Graveyard challenge.

[bobbblair123]

The situation is thus. Almost circular orbit with mercury. I was looking to enter Mercury SOI just barely moving. Got impatient. This is were it stands. Calculate ∆V remaining. Which the formula you guys showed me doesn't make sense. G 3.7 m/s² (mercury gravity) times 240 Isp (kolibri) times 7.3 tons Me = 2664 meters of ∆V. That ain't right. I need burn time for a kolibri with 3.5 tons of fuel. There is no way in hell I have 2664 m/s of ∆V. But that's the formula y'all tried to beat into my head.

 

[Pink]

G is always earth gravity, it's a constant.


Handy calculator to see if you're on the right track:
Delta-V Calculator

I'm going to double check if the formula I found that uses isp instead of exhaust velocity is the right one.

 

[Pink]

 

[Altaïr]

Mooncrasher is right. Your main task in practice is to calculate the "finish mass" (aka dry mass), and the "starting mass" (aka wet mass), which is finish mass + fuel mass. Be careful, you have to account for everything in the calculation of those masses: each part (landing leg, solar panel, RCS...) has its own mass.
Be careful about fuel tanks too: 10% of their mass are for the tank itself and should be counted as dry mass, and the remaining 90% are fuel: a 10 tons fuel tank actually holds 9 tons of fuel, and the tank itself weighs 1 ton.

 

[bobbblair123]

Mooncrasher is right. Your main task in practice is to calculate the "finish mass" (aka dry mass), and the "starting mass" (aka wet mass), which is finish mass + fuel mass. Be careful, you have to account for everything in the calculation of those masses: each part (landing leg, solar panel, RCS...) has its own mass.
Be careful about fuel tanks too: 10% of their mass are for the tank itself and should be counted as dry mass, and the remaining 90% are fuel: a 10 tons fuel tank actually holds 9 tons of fuel, and the tank itself weighs 1 ton.

Sorry. Would help if I included information. I'm calculating 7.3 tons empty mass with 3.5 tons propellant left.

G is always earth gravity, it's a constant.


Handy calculator to see if you're on the right track:
Delta-V Calculator

I'm going to double check if the formula I found that uses isp instead of exhaust velocity is the right one.

Whoa. Wait a minute.
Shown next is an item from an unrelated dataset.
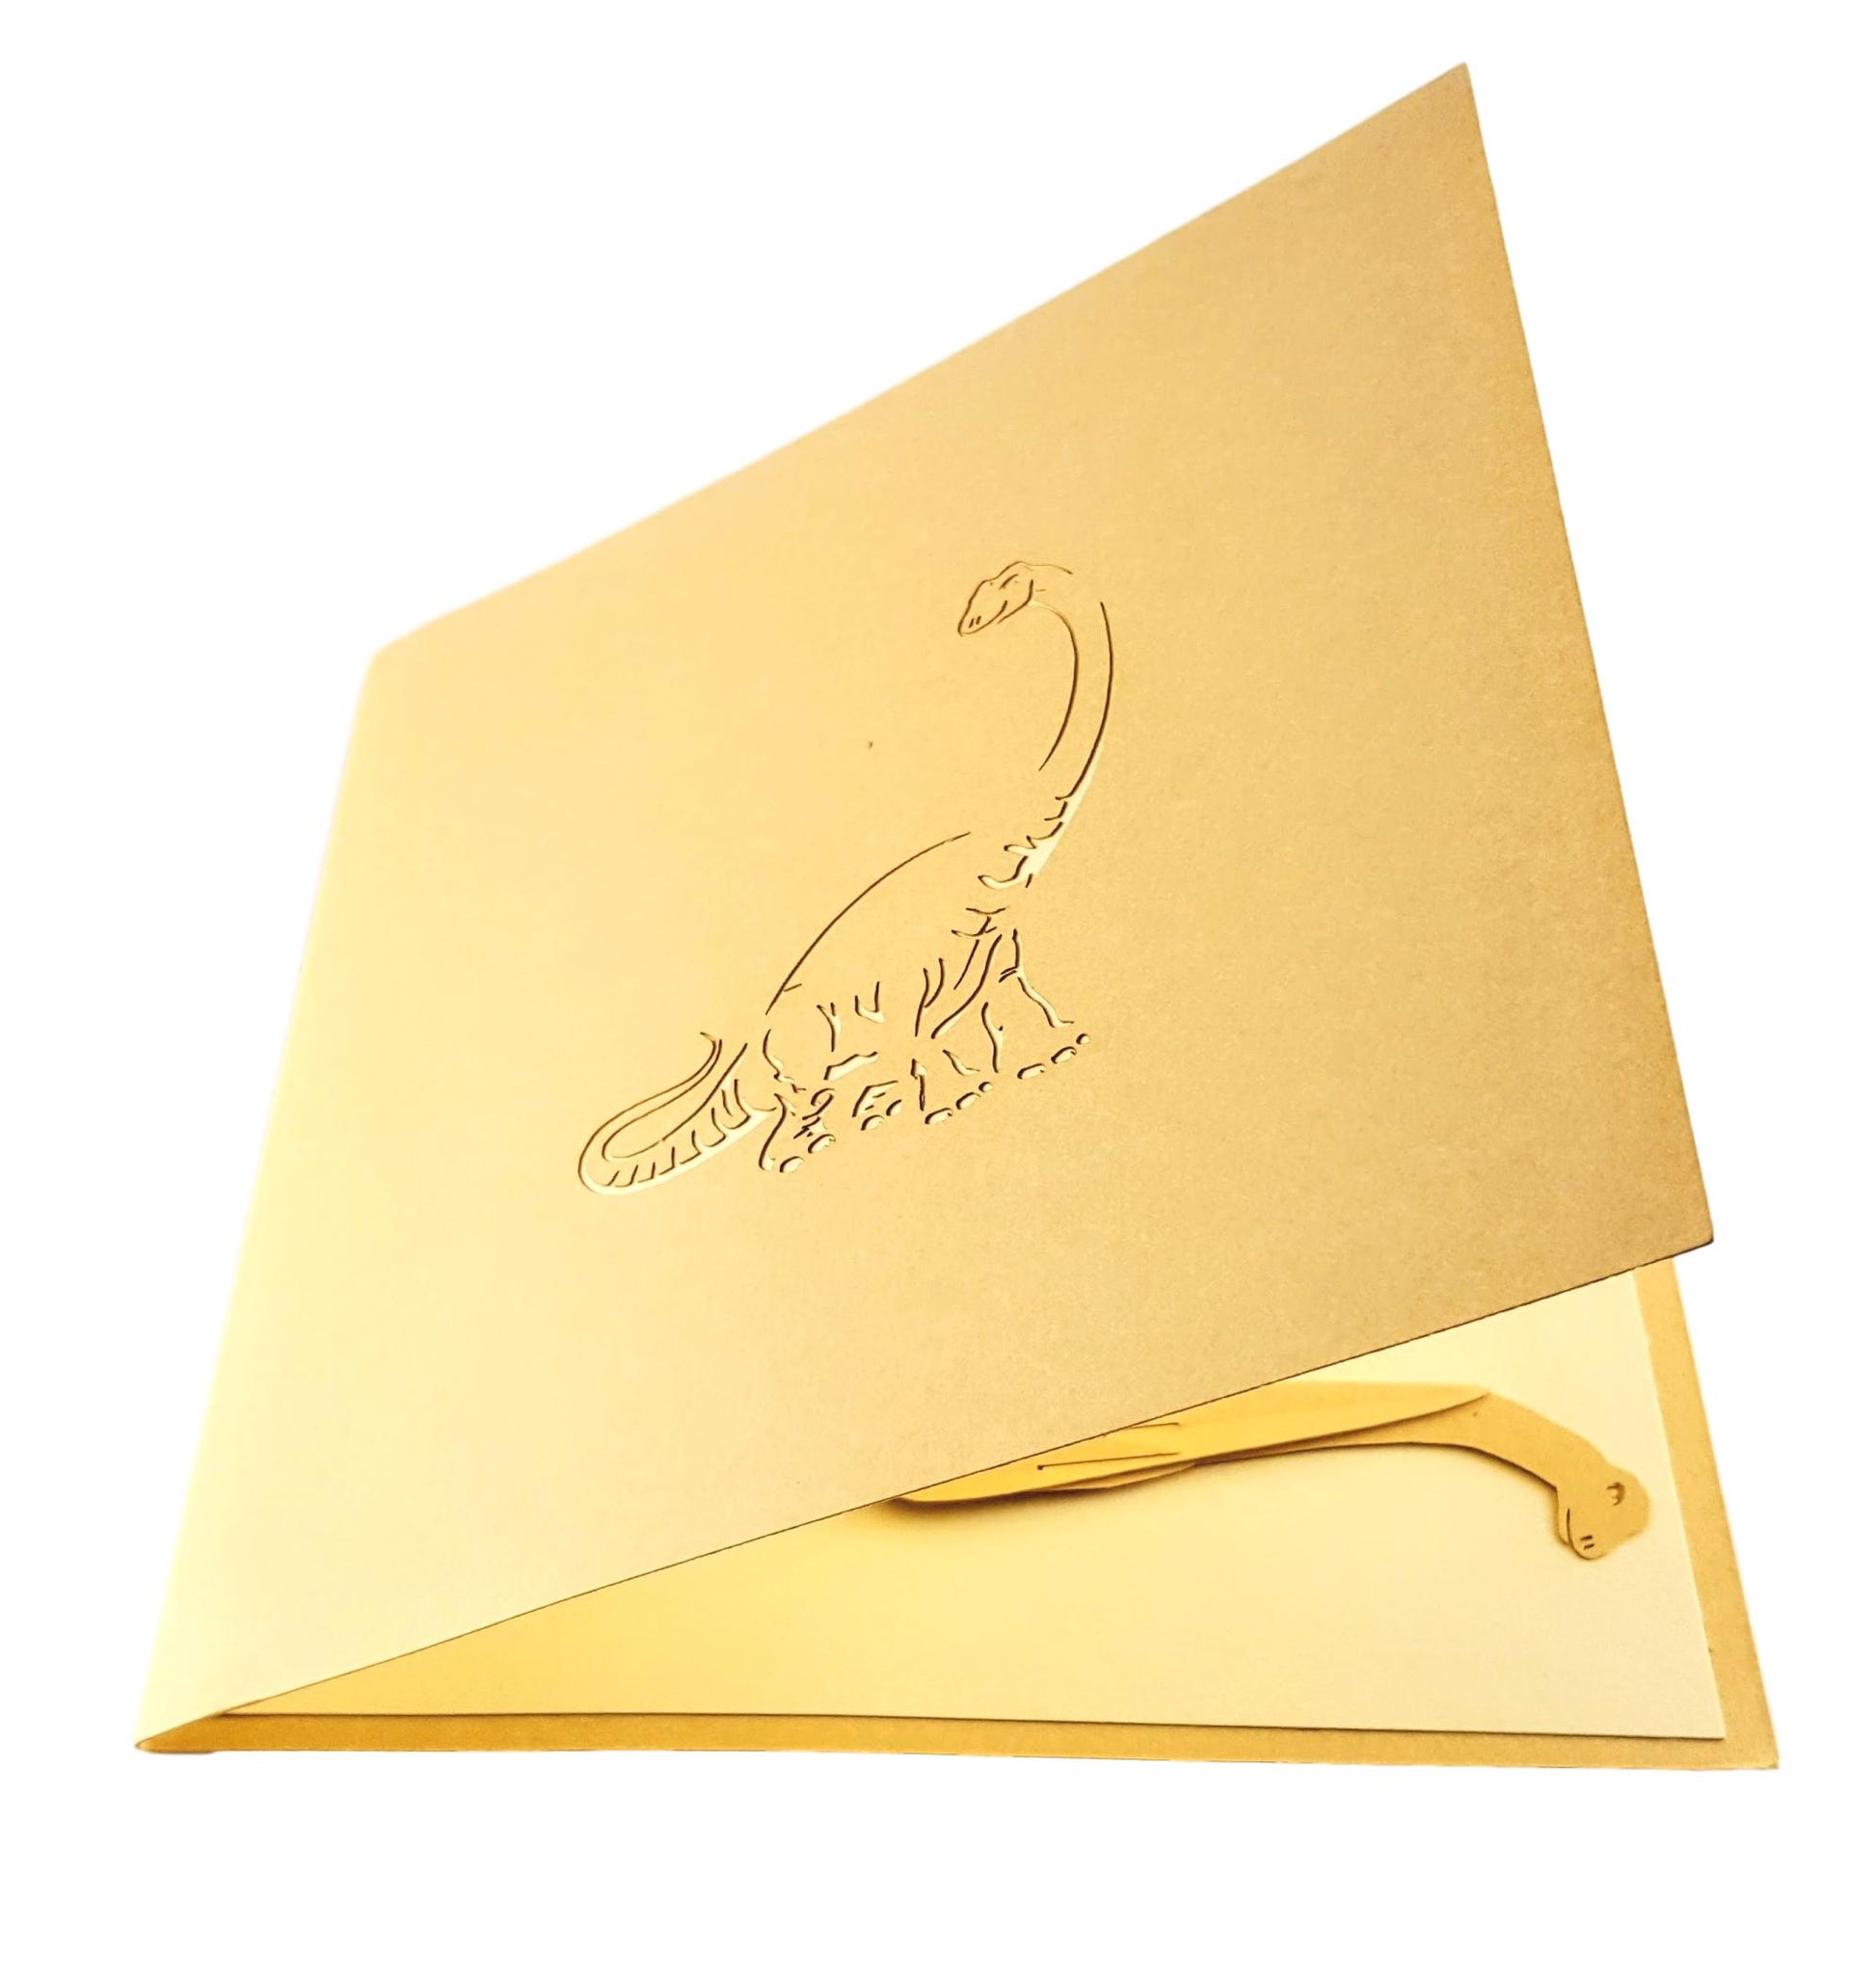 Long Neck Dinosaur 3D Pop Up Greeting Card - 99 shipping July 2020 - Animals - Birthday - Dino - Din - iGifts And Cards

ALWAYS use earth gravity constant?

 

[Horus Lupercal]

But that's the formula y'all tried to beat into my head.

Calm down. Not only did we not beat anything into you, you're using the wrong formula. Take a breath, go back, check what you're doing against what you were shown and you'll see where the mistake is.

Whoa. Wait a minute. ALWAYS use earth gravity constant?

As my boy Hans Snape would say

Otherwise you get all kinds of different numbers depending on where you are. Earths gravity is used as a universal gravitational constant so you get the same ΔV number regardless of where in the universe you happen to be (including those places where you're in deep space and the local gravity would be almost zero).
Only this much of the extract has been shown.